C’est dans ce contexte qu’il faut comprendre la décision de maintenir vaille que vaille la COP 21 pour obtenir un soit- disant contraignant accord que seuls les pays pauvres tenteront de respecter. De combien d’années un pays comme le Sénégal a besoin, avec son niveau de consommation énergétique actuel, pour produire la même quantité de gaz à effet de serre qui sera fourni par cette guerre ? Fondamentalement, le système néo-libéral est basé sur la fructification du capital à travers la consommation énergétique. Pourtant une énergie n’est propre que le période précédant la découverte de ses effets et impacts négatifs sur l’environnement. Alors, tous ces forums sur l’environnement sont destinés plus à renforcer le système dominant de socialisation néolibérale.

Un système qui s’arroge le droit d’une part de limiter les sources d’énergie des pays pauvres et d’autre part de déterminer l’appartenance ou non d’une communauté humaine à l’humanité. Et l’on se pose la question de savoir le rôle véritable de l’UNESCO dans le monde. Doit- elle seulement se contenter de classer des sites ou bien de parler de diversité culturelle ? Ne devrait-elle pas protester vigoureusement contre un système de socialisation qui s’arroge le droit de définir qui est humain ou pas ? Sauf si, elle est –elle-même un instrument de ceux qui savent « vaincre sans avoir raison ».

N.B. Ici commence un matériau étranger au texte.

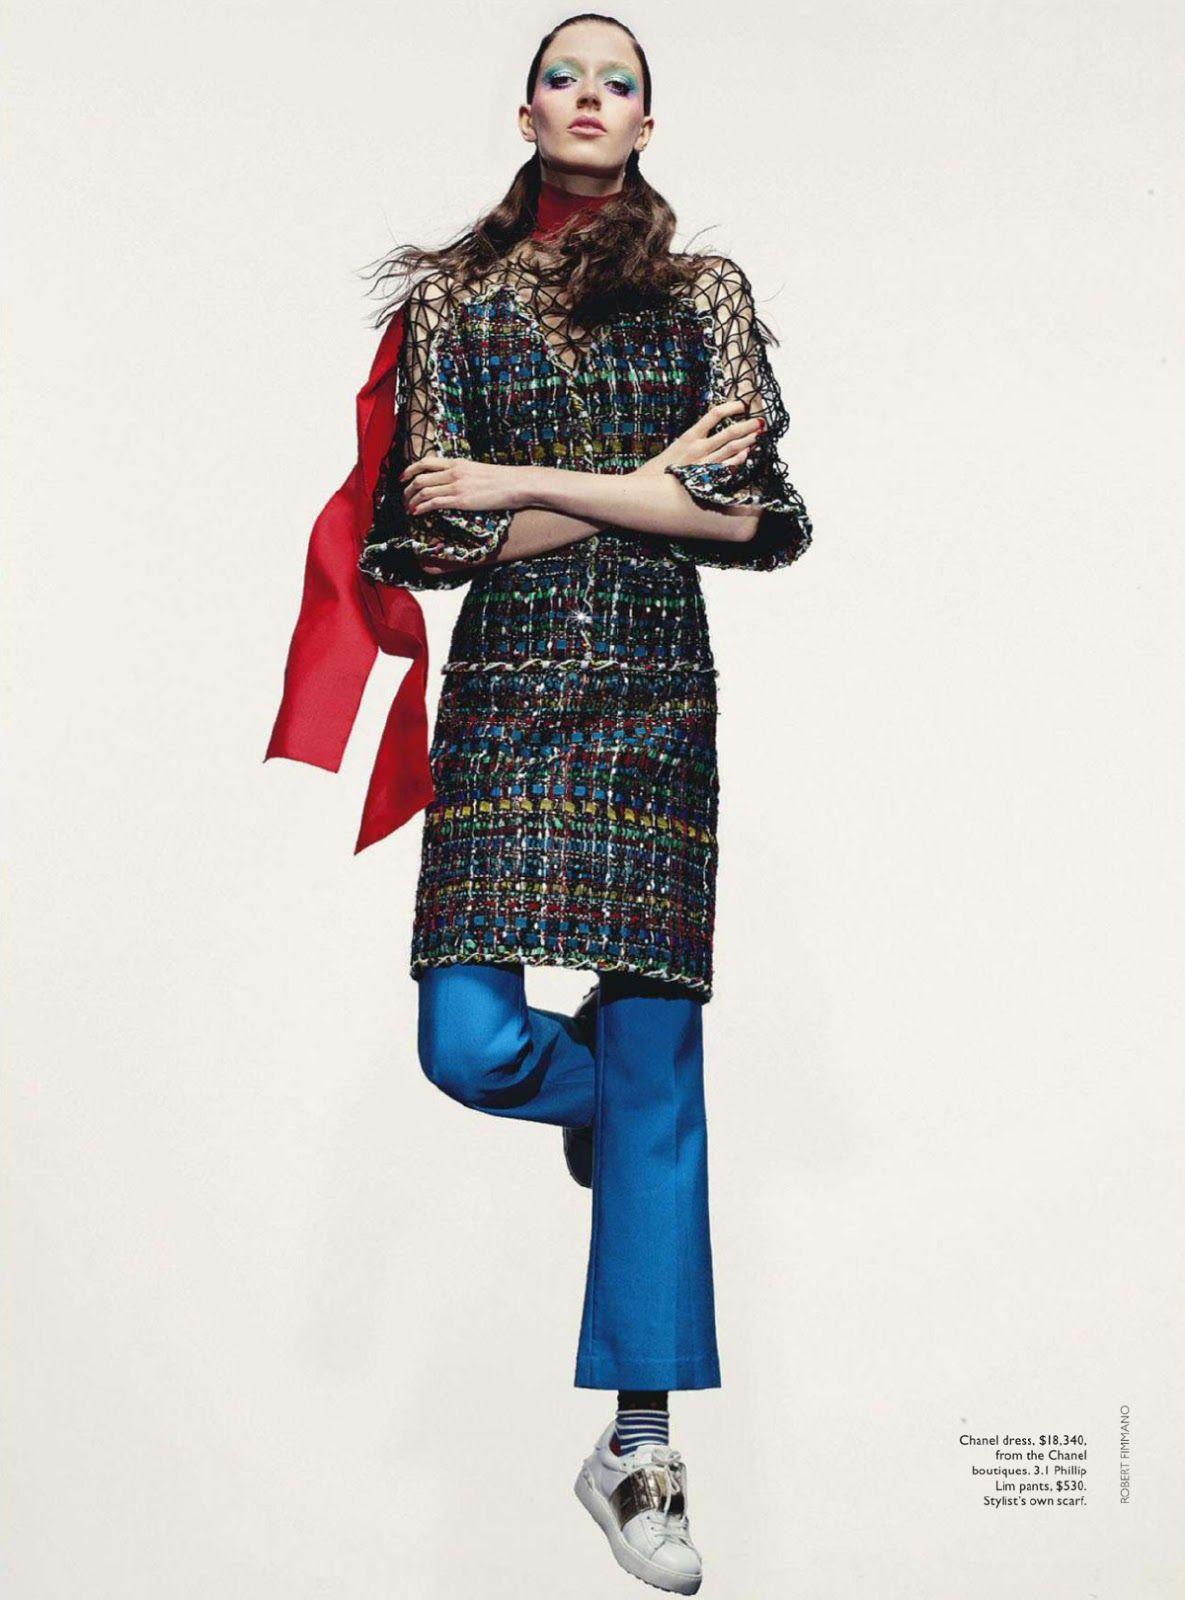 Vogue Austrália Janeiro 2015 | Josephine Van Delden por Robbie Fimmano [Editorial] in chanel cruise 2015 (Dubai) dress

Vous avez certainement compris que notre propos n’est pas de défendre un tueur d’être humain quel que soit sa raison. En août dernier, nous avons-nous même eu la trouille de notre vie quand une dizaine de barbus nous ont rejoints dans un vol Casablanca- Nouakchott. Néanmoins, nous pensons que chaque être humain fait partie de l’humanité et doit être traité comme tel quel que soit sa rationalité. La seule civilisation qui vaille est celle qui peut reconnaitre à l’autre, non pas « un barbare » ni « un mécréant », mais un semblable. La grande question serait alors de savoir si les dirigeants du monde actuel sont à la hauteur de leur mission.

Le cas échéant, ils travailleront plus pour la prévention durable que pour le « tout sécuritaire » car le risque zéro ne pourrait exister. Ce travail préventif est difficile et nécessite une approche moins guerrière. Mais, surtout, il ne pourra se faire si les dirigeants de pays pauvres comme le nôtre, au lieu de construire un véritable leadership (comme l’avaient initié Sankara, Lumumba, etc.) se positionnent en suivistes, répétiteurs ou échos des dirigeants occidentaux dans les sommets du système onusien ou bretton- woodien.